Wenn ich mir vorher die Zeit nehme den Stresslevel etwas zu senken, zum Beispiel mit EFT, dann kann ich das Essen besser wahrnehmen und verdauen, dann schmecke ich auch was ich esse, dann merke ich vielleicht dass ich das gar nicht will und hole mit etwas anderes, dann bin ich nicht innerlich getrieben und höre auf wenn der Geschmack sich verändert. Es ist ein völlig anderes Esserlebnis.
Und das gilt für alle Lebensbereiche, wenn ich mir erst die Zeit nehme den Stresslevel zu senken, dann erlebe ich das was ich tue vollkommen anders.
Noch ein Wort zum Stresslevel senken: sowohl beim EFT als auch bei den anderen Methoden die mir helfen geht es in erster Linie darum sich selbst und seine Erfahrung zu bejahen und sich mit seinem Körper rückzuverbinden. ‚Ja zu mir‘, das ist das Heilsamste was ich kenne und auch das, was den Stresslevel sofort reduziert. Genau wie jede Form von nein ihn sofort anhebt. Wenn wir uns verurteilen, kritisieren, schämen, das steigert den Stress im System.

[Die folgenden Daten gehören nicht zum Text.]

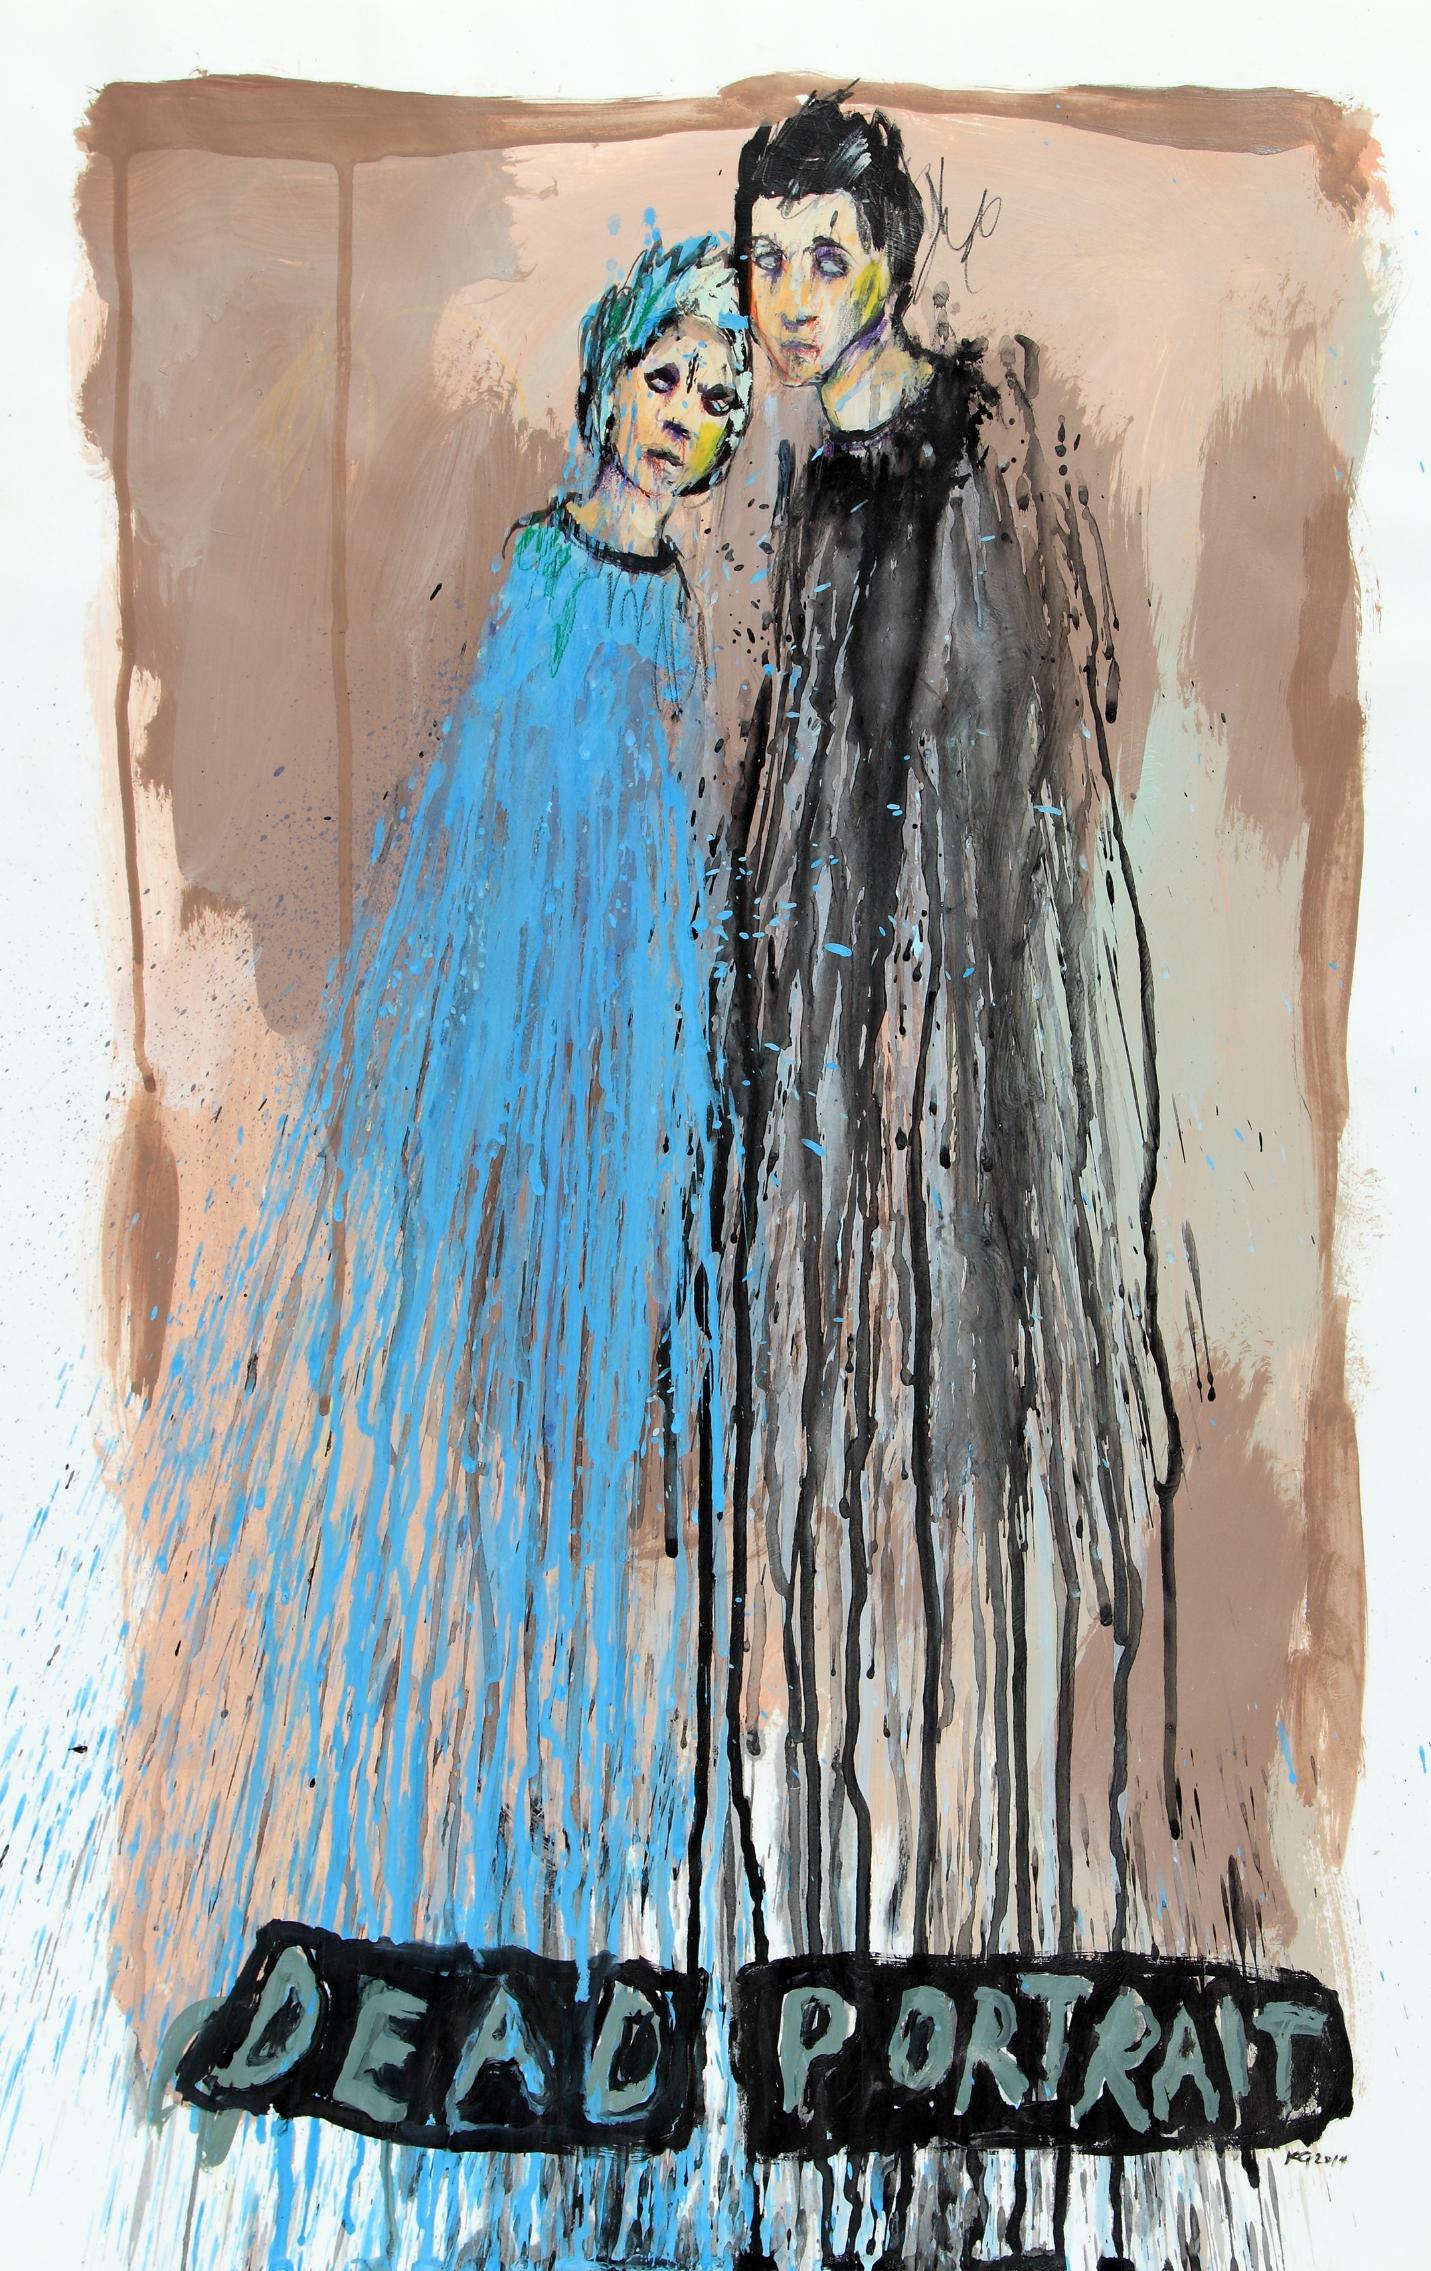 Dead Portrait,  2014  Acrylic on paper 16 1/2 x 23 1/4 in.

Ein ‚Ja‘ auch dazu, oder gerade dazu, dass ich mich gerade schäme, senkt den Stress im System. Ich kann immer ja sagen, auch dazu, dass ich zu nichts ja sagen kann.
Je mehr ich weitergehe, desto mehr lerne ich, dass wir viel weniger unter Kontrolle haben als wir denken, das offensichtlichste Beispiel ist das Gewicht. Und dass es nur um eines geht: uns selbst zu bejahen und die Selbstfürsorge zur obersten Priorität zu machen.
Je mehr ich weitergehe, desto unwichtiger wird mein Gewicht, auch wenn es Rückschläge gibt, wie neulich, als ich mir meinen Kindern im Trampolinpark war und nach 15 Minuten springen sowohl eine schwere Knieprellung als auch eine Daumenkapselprellung zu verzeichnen hatte, weil das Hinfallen mit meinem Gewicht einfach andere Konsequenzen hat. Das habe ich betrauert, denn ja, es ist ein Verlust von Fähigkeiten, von Möglichkeiten, aber wir alle werden damit konfrontiert im Prozess des Älterwerdens. So ist das Leben für uns alle.
Ich habe gerade 4 Tage Fortbildung hinter mir, umgeben wie immer von unzähligen Dünnen und ich stelle gerade fest, dass ich nicht einen Moment an mein Gewicht gedacht habe. Wenn das kein Fortschritt ist!
Ich merke auch, dass mein Gewicht eigentlich für mein Gefühl von Minderwertigkeit steht, dass tief in mir vergraben ist, immer deutlicher fühle ich, dass ich mich minderwertig fühle, fehlerhaft, nicht so gut wie andere, und das Gewicht muss als Grund herhalten, wenn es aber gerade keine Rolle spielt, wird es von etwas anderem abgelöst. Solange ich mich im Inneren minderwertig fühle, wird es auch im Außen immer einen Grund geben.
Es geht eben auch darum, immer mehr zu spüren, dass ich Wert habe, dass ich selbstverständlich mich wohl fühlen darf, es mir gut gehen darf, ich vom Leben alles bekommen darf was ich brauche, einfach weil ich lebe und aus keinem anderen Grund.
Und zum Schluss: ich wünsche mir immer wieder dünn zu sein, die Sehnsucht ist da, und die erlaube ich mir, sie darf da sein, ohne dass das aber zu irgendwelchen Maßnahmen führt oder zu Verurteilung und Schmerz. Es ist mehr wie eine Vision, die ich mir erlaube zu genießen, die ich auf allen Ebenen fühle, wenn sie auftaucht, selbst wenn es keine Realität wird.
Denn alles, was mir ein Wohlgefühl verschafft ist gut.